10/28/2025
Elon Musk's xAI company has released Grokipedia, a new online encyclopedia built with A.I. that is designed to compete with Wikipedia. Musk has argued that Wikipedia has a pro-left wing bias, seen most prominently in its decision to ban sourcing of media outlets that do not have a pro-leftist editorial bent. (Wikipedia, for example, bans the New York Post and the Daily Mail as factual sources, but not similar left-wing newspapers like the Guardian.)
Because my area of expertise often touches on controversial topics, I compared Grokipedia and Wikipedia on a few articles. Here's what I found:
1️⃣On scientific topics, Grokipedia cites a broader range of scholarly opinions. Whereas Wikipedia will sometimes ban legitimate scholarly journals (or even entire disciplines) in discussions about controversies, Grokipedia gives all sides a fair hearing.
2️⃣This does not mean that Grok treats truly crank ideas (like flat earth theories or the supposed Shakespeare "authorship question") with the same credence as mainstream theories. From my browsing, Grokipedia seems to separate genuinely nutjob ideas from controversial but empirically supported hypotheses.
3️⃣On controversial topics, Grokipedia's tone is much more neutral than Wikipedia's. In Wikipedia's articles on the Covid lab leak hypothesis or race and intelligence, Wikipedia is more concerned about smearing one side of the debate as "pseudoscience," or a "conspiracy theory." Grokipedia describes differing views more neutrally and then discusses the evidence on both sides.
4️⃣Grokipedia's sources are a mixed bag. It cites some sources, such as scholars' blogs and tweets by scientists, that probably don't belong in an encyclopedia. On the other hand, it doesn't systematically ban sources just because an anonymous cabal of humans doesn't like it. Grokipedia's coverage of scholarly books and non-English sources seems to be lacking. I don't think it's good for an encyclopedia to cite my professional blog, but not my scholarly book published by Cambridge University Press.
5️⃣By reducing the role of human judgment, Grokipedia seems to evaluate sources more fairly than Wikipedia does. It favors primary sources, government reports, and scholarly articles over journalistic sources. It also evaluates sources automatically and downgrades those that have "emotional language, missing perspectives, or a lack of diversity of sources." Humans aren't removed completely from decision making, but I don't see how a Wikipedia-style grip that self-appointed "experts" on content could survive on Grokipedia.
Less than 24 hours after Grokipedia's release, I'm not ready to declare a winner in the Online Encyclopedia Wars. For most topics, it probably doesn't matter whether you read an article on Grokipedia or Wikipedia. No one complains about the Wikipedia article on Augustine of Hippo or "The Empire Strikes Back." Wikipedia also covers more topics than Grokipedia: 7 million articles vs. 885,000 articles.
For controversial topics, though, I find Grokipedia to be an improvement over Wikipedia. But I have some reservations about both web sites. For now, I think it's best to read both encyclopedias' articles in order to get a full view of controversial topics.

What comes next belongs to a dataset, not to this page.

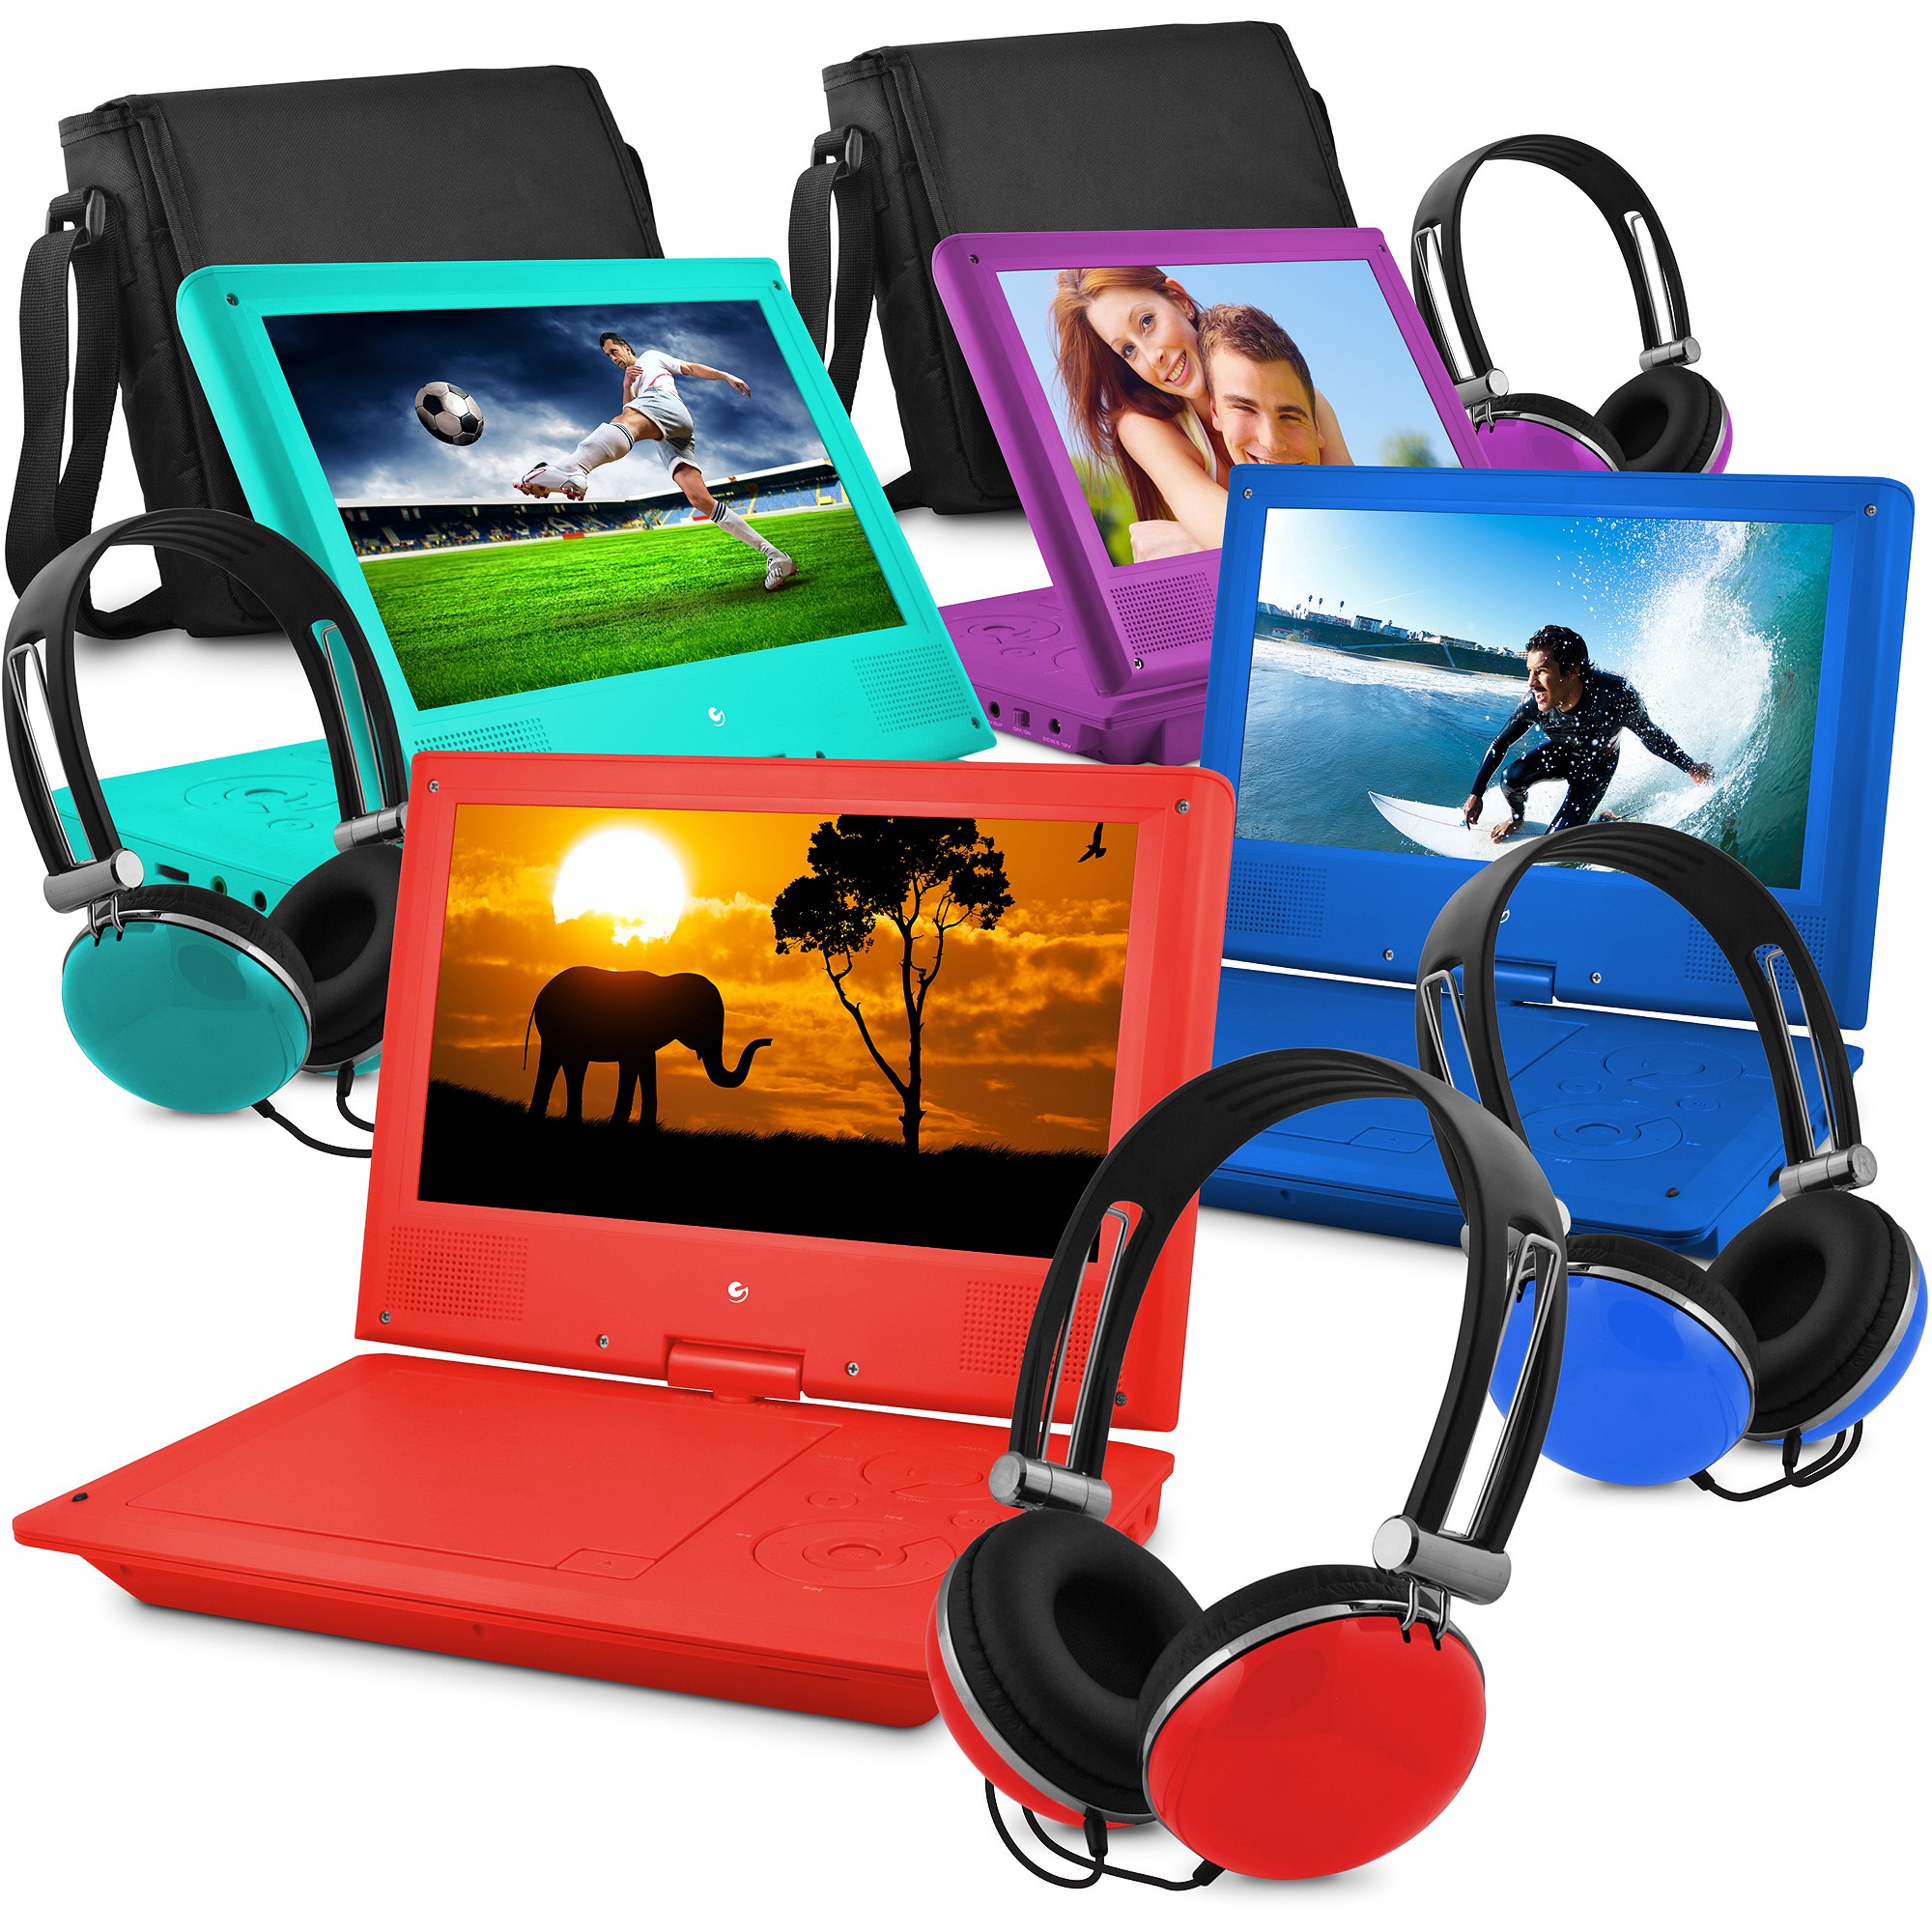 Ematic 9" Portable DVD Player with Matching Headphones and Bag - EPD909pr - image 2 of 30

In the long-term, I see Grokipedia as having more potential than Wikipedia. Wikipedia has about 114,000 active English editors (defined as making at least one edit in the past month). That's a powerful hive mind. But it's still limited in what it can read, assimilate, and add to the encyclopedia. It takes time for a human to learn the rules of editing Wikipedia, and its users waste a lot of time and effort arguing about the application of those rules. Grokipedia's bots never sleep, don't have such overt biases, can read far more sources, and can edit instantly.
Fundamentally, I also don't see Wikipedia as having the infrastructure or governance to implement A.I. in an effective way. Wikipedia's bots do low-level tasks like fixing broken links, removing vandalism, and categorizing pages. Wikipedia policy forbids bots from writing or creating articles, and any new bot has to be approved by a committee. Wikipedia's lack of central vision was a huge asset when it launched over 20 years ago, but over the years it has resulted in a byzantine bureaucracy that can create policies and do routine tasks well... but not engage in important reforms or handle fundamental challenges. Grokipedia is the first serious challenge to Wikipedia, and I think that Wikipedia does not have the culture or technological vision to beat this new competitor in the long term.